The embeddings of the hierarchical data set are shown in the third column of Fig. 3. At first glance, the t-SNE and UMAP may be preferred as the spherical shapes of the clusters from the original 3D data (Fig. 1c) are retained. However, the RRPs in Fig. 2g, o show that both t-SNE and UMAP introduces distortions in distance ranks at most scales except for the very local scale, implying their failure in retaining the global arrangements of the clusters. On the other hand, the SASNE achieves much lower distance rank distortion at all scales as shown in the third column of Fig. 2b, implying that the hierarchical structure of the clusters is well preserved. In terms of cluster validation, the t-SNE correctly separates the individual clusters within each group. The method is however not able to clearly distinguish the reddish group (clusters 1–3) from the bluish group (clusters 4–6) as shown in Fig. 3g. The UMAP is also not able to preserve well the distance ranks of cluster separations when comparing to Fig. 1c. Similarly, PHATE depicts the two groups symmetrically that does not reflect the true structure. A better separation of the clusters within each group is obtained by the SASNE, confirmed by the silhouette coefficient shown in Fig. 4c.

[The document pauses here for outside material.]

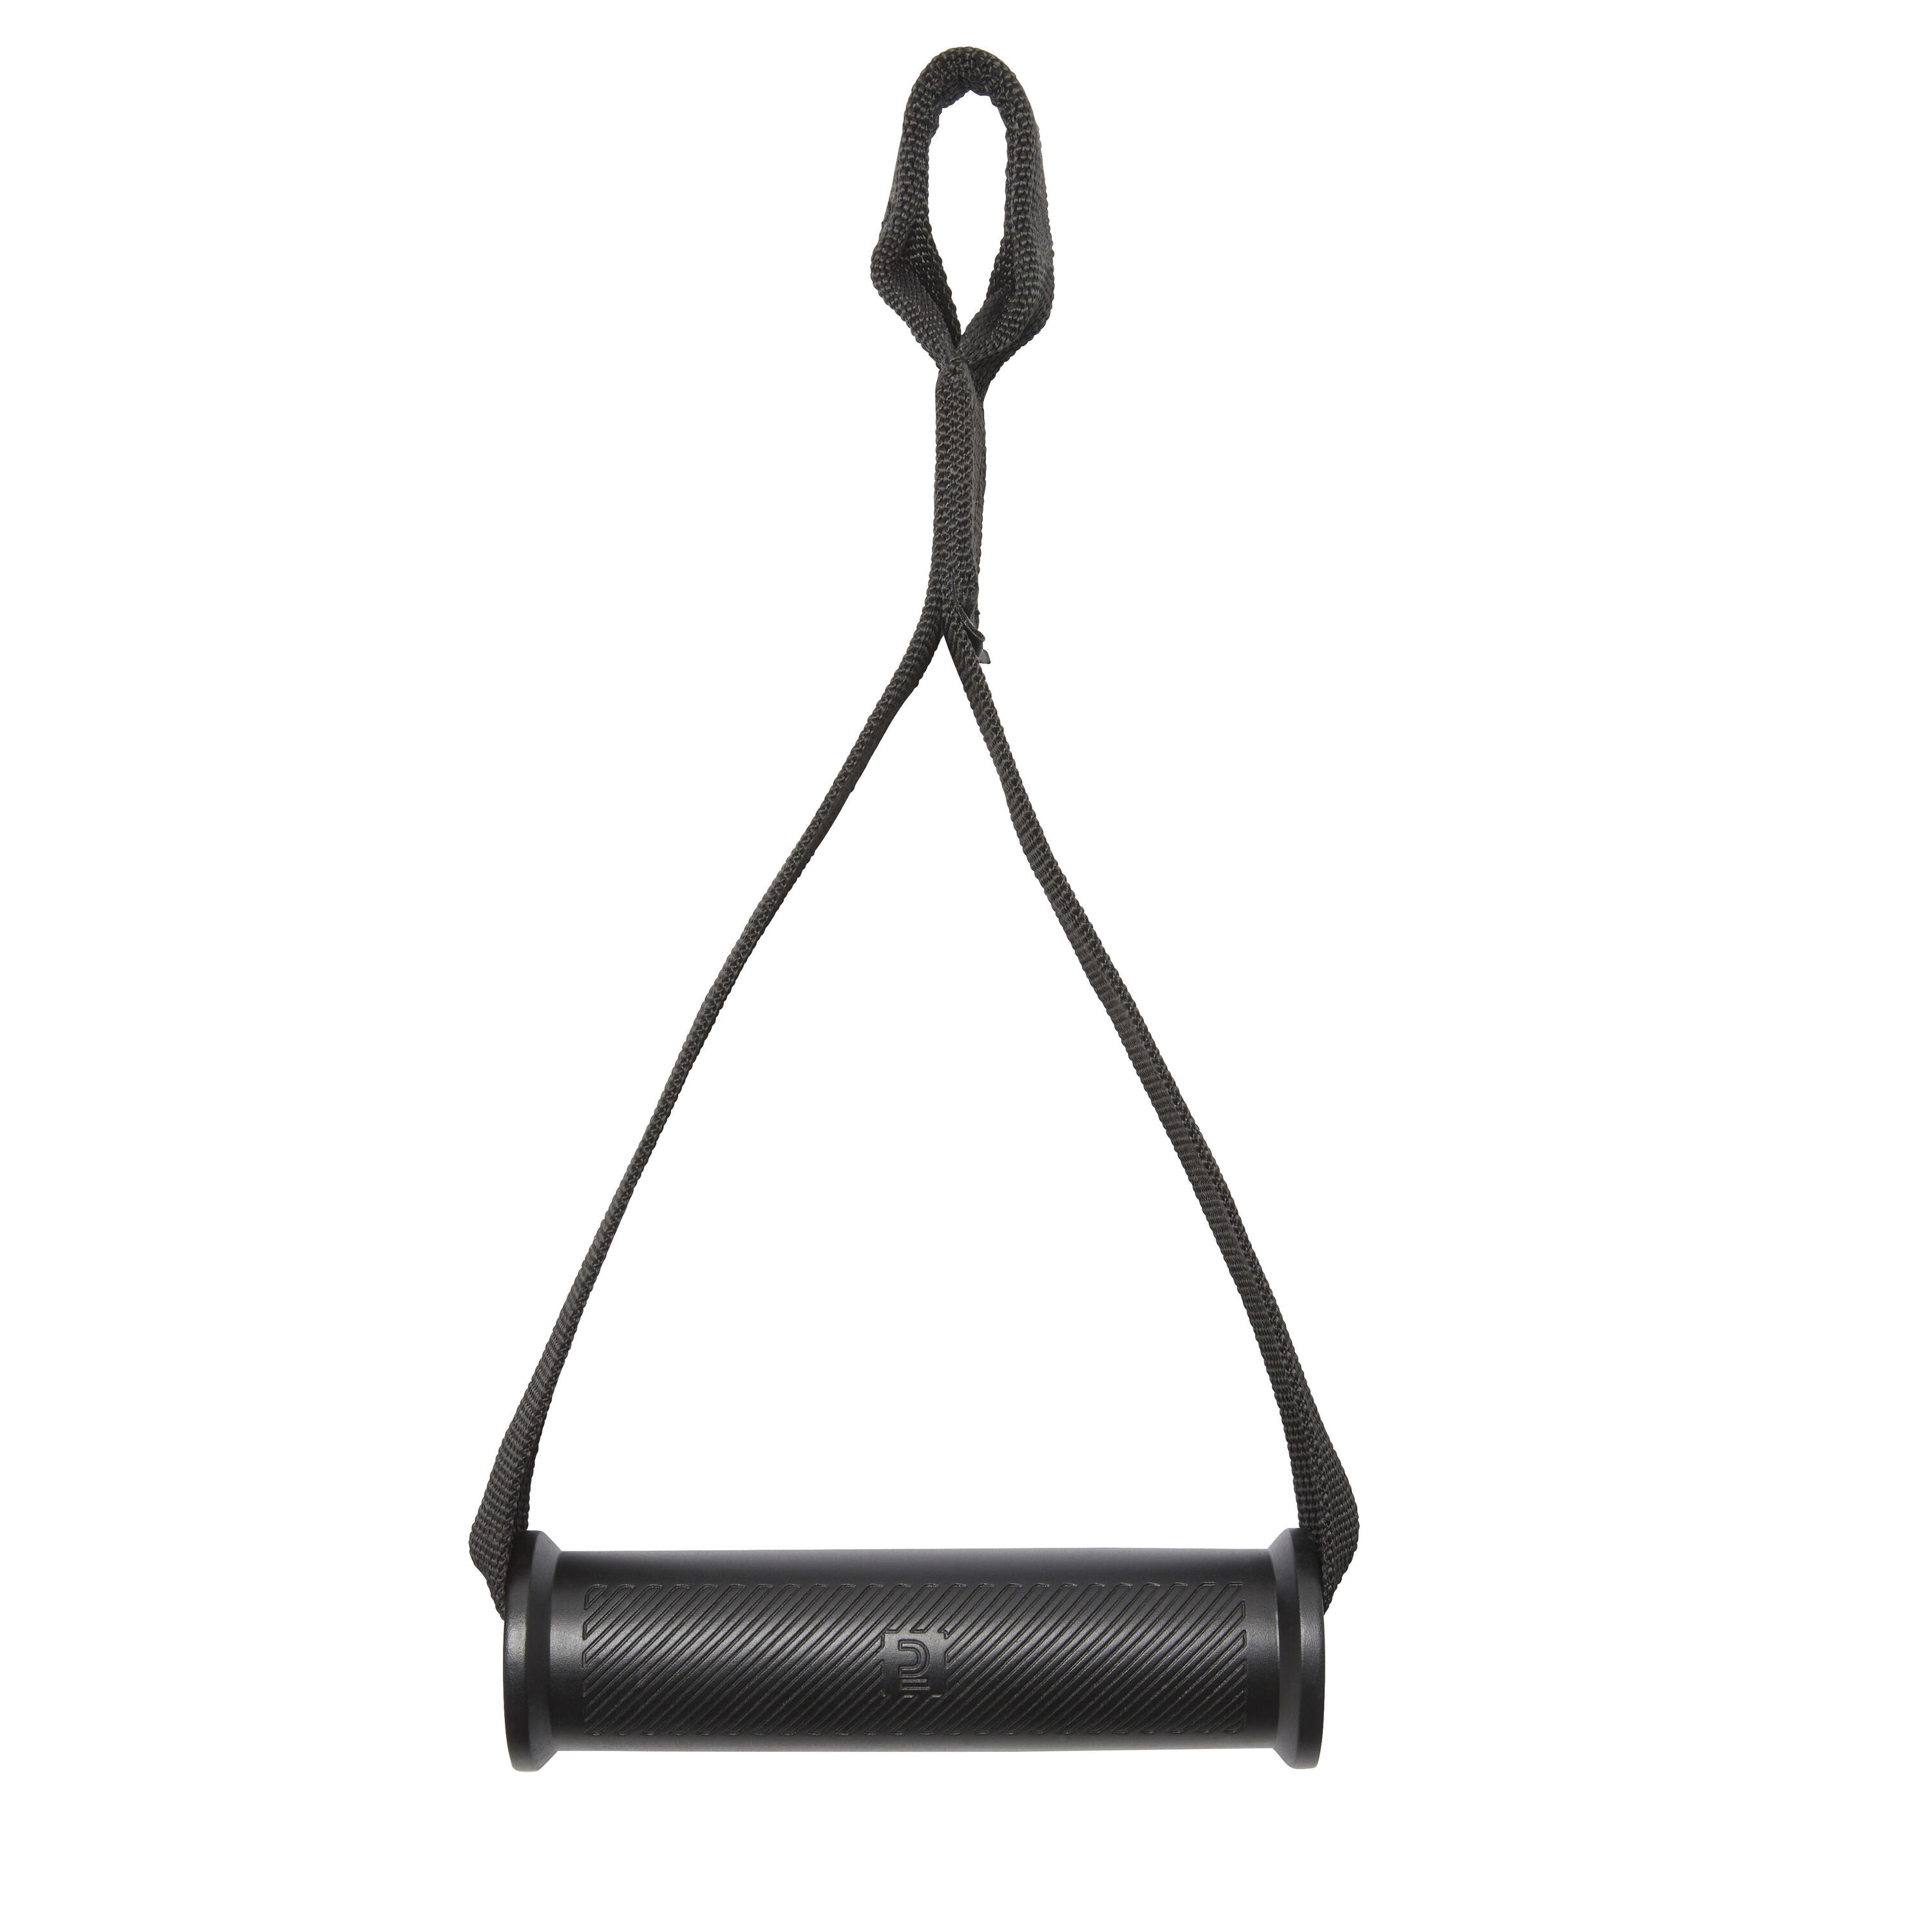 Weight Training Pulley Handle - Black 1/4

The embeddings of the artificial tree data is found in the fourth column of Fig. 3. The SASNE embedding clearly shows the different branches of the tree while also keeping the trajectories intact. Furthermore SASNE denoises the data and clearly shows the 1D structure of the trajectory. Despite having less denoising compared to SASNE, the t-SNE also performs well on this data set by keeping the tree connected. Crucially, UMAP shatters the tree and produces several spurious clusters. Although PHATE is able to keep the tree connected, some branches are merged together, meaning that the relative positioning of the branches is lost from the embedding.
In summary, the above test cases demonstrate that the SASNE can reliably embed and reveal clusters with imbalanced, arbitrarily shaped and hierarchical structures based on the qualities of both clustering and preservation of distance ranks. It also prevents creating spurious discrete structures that shatter continuous trajectories in the data. Since the shape-aware BHD provides us with a valid global distance measure, the choice of a larger perplexity value, e.g., 90\(\%\) of the number of points, allows us to consistently fix the only hyper-parameter of the embedding method in a data-driven way. To demonstrate the superior performance of SASNE for real HD data, we consider the following two data sets.
Gene expression data
We consider a data set of gene expressions from 3663 cells taken from the hippocampal area of a mouse brain [17]. Each cell is characterised by a gene count vector, indicating the expression frequency of the sequenced genes. With the gene count vector as coordinates of the HD space, the data set allows us to identify groupings of cells that correspond to distinct cell types based on their gene expression profiles. In contrast to the simulated data sets and the MNIST data discussed in the next section, the gene expression data is unlabelled, i.e., the corresponding clusters, or cell types, to which the cells belong to are unknown beforehand. Therefore, an additional clustering procedure (not performed here) is needed to group the data points in the LD embedding. Since no cluster label is available, we focus only on how well distance ranks are preserved in the LD embedding and do not consider cluster validation in this case.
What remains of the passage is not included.